Spec-driven development means writing a precise description of what your software should do before writing any code. With AI coding agents like Claude Code and Cursor, this matters more than ever. These tools will build what you describe, not what you meant. A clear spec gives them the context to produce accurate output and makes results straightforward to verify.
For agencies, an early spec also has commercial value. The faster you produce a solid spec, the faster you can quote, and a reliable estimate often decides whether you win the project.
The tools that got us here
We started exploring tools like BMAD, which structures development around a sequence of planning artifacts like product brief, PRD, architecture document, and sprint stories. It forces you to think before you build and gives coding agents structured context at every phase. When multiple developers came together on the same project, the spec evolved, and we needed a simple way to keep track of changes.
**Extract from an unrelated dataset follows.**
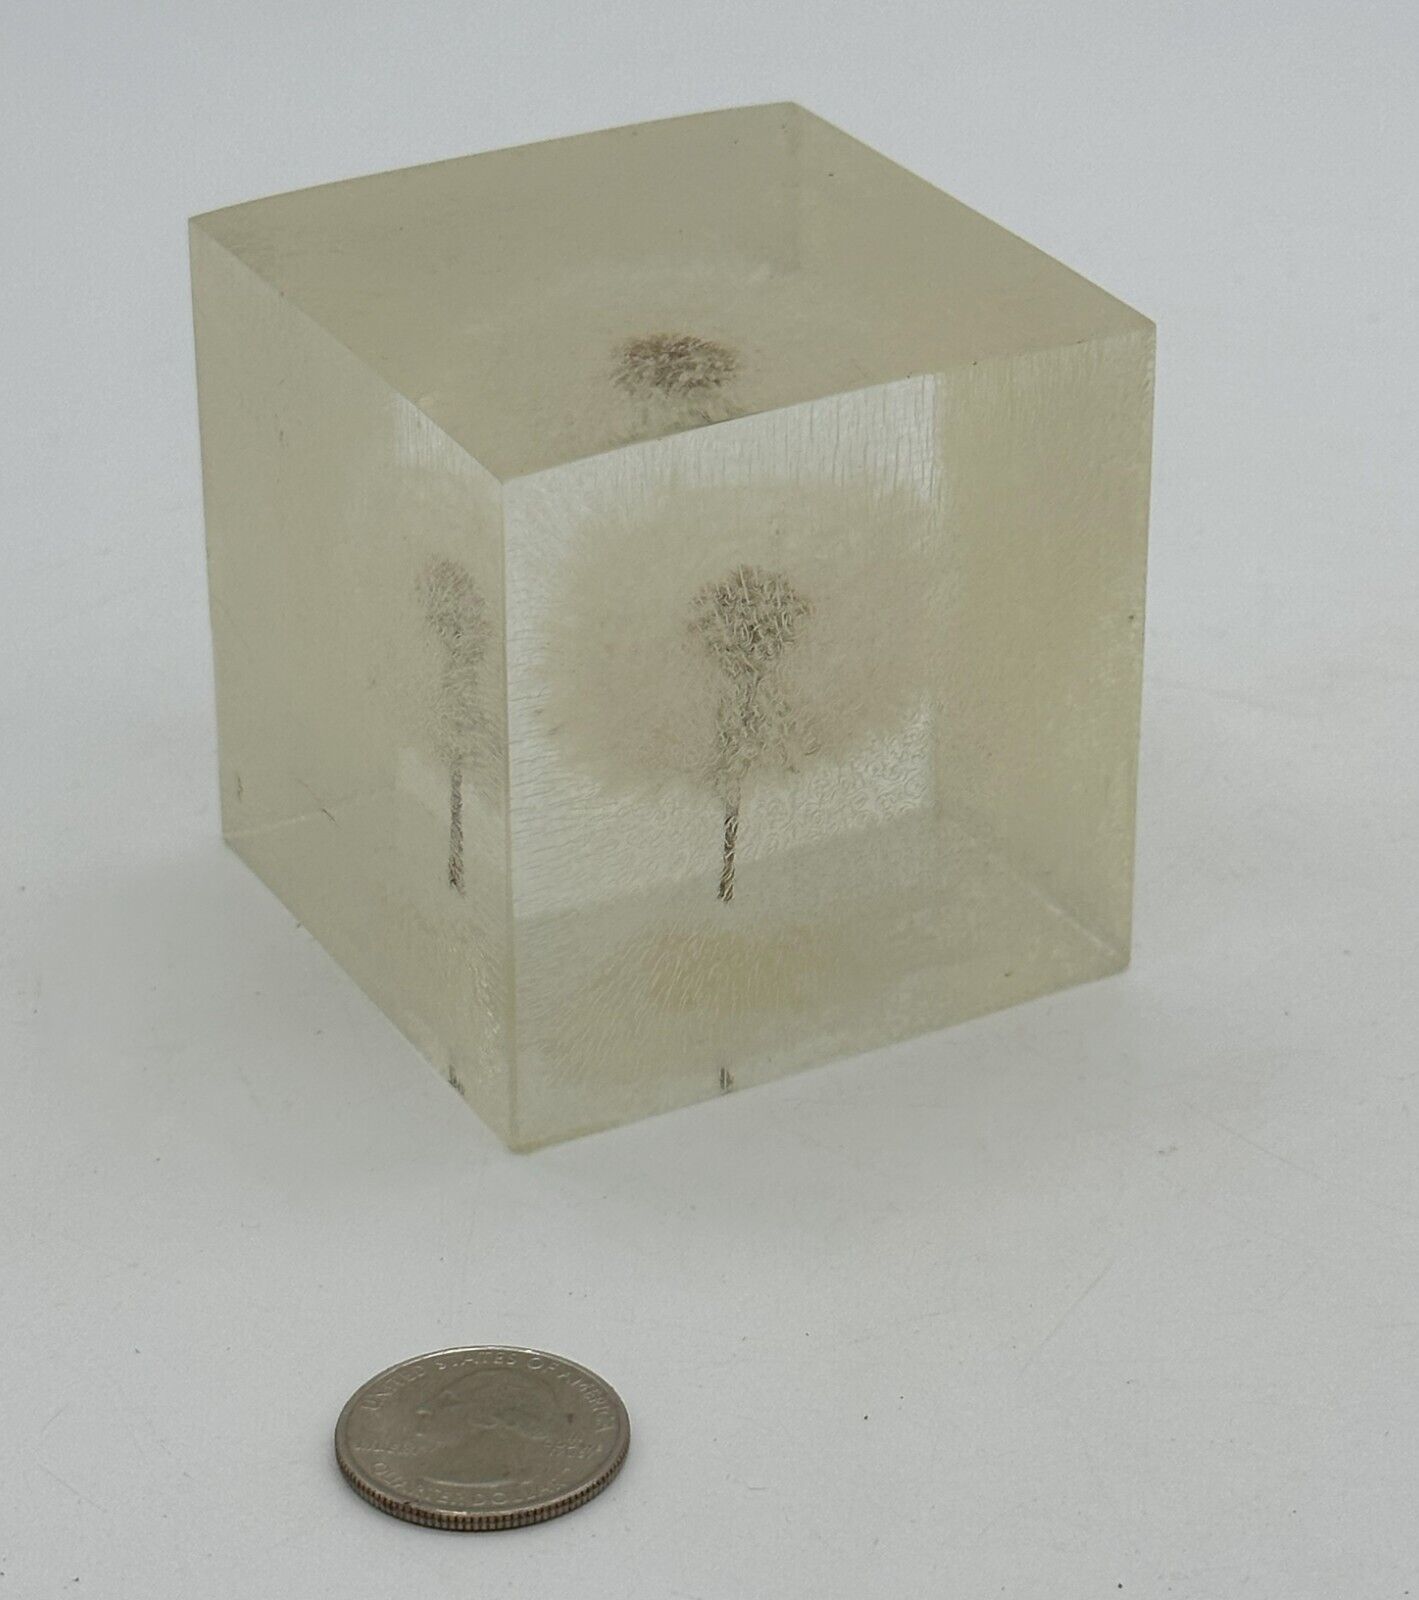 Dandelion Seed Head Blowball Epoxy Resin Cube Desk Decor Paper Weight Art 2.5in

So we started using OpenSpec as a lightweight spec layer that sits alongside your code, helping teams agree on what to build before the agent writes a line. It works with most major AI coding assistants and keeps everything version-controlled in your repo.
When we adopted these spec-driven practices, the difference was felt. Agents stopped guessing and output quality went up.
But as our projects grew, we hit a ceiling neither tool was designed to solve, especially for agencies.
Collaboration and the alignment tax
In a real agency engagement with multiple team members, a client, and several agents running in parallel, it breaks down fast. A client changes a requirement in a call. A developer discovers a constraint mid-build. A non-technical stakeholder has questions.
The spec becomes a snapshot. The project moves on. Nobody has a clear process for proposing changes or making sure everyone is working from the same current version. You rush to organise daily standups and meetings, your pace slows down, and you are back where you started.
We call this the alignment tax. By the time someone notices, the estimate is fiction and the client is about to get a surprise they didn't budget for. AI agents make this worse, because they move fast. An agent builds confidently from whatever context it has, even if that context is three weeks out of date. Planning becomes the bottleneck, and all the gains from AI-assisted coding are lost.
How we solved it
The missing piece isn't a better spec format. It's governance.
- Treat the spec the way you treat code, with version control, branch proposals, review, and approval
- Give non-technical stakeholders a way to participate without needing to understand Git
- Follow structured planning and employ AI agents to move faster through it
- Connect a living estimate to the current scope so it stays accurate as requirements change
- Let developers and coding agents bidirectionally pull and edit context via MCP
If you're building with AI coding agents, it doesn't mean you're going to build the right thing. If your agents are guessing, be it very fast and confidently, you can still burn through the budget quite fast.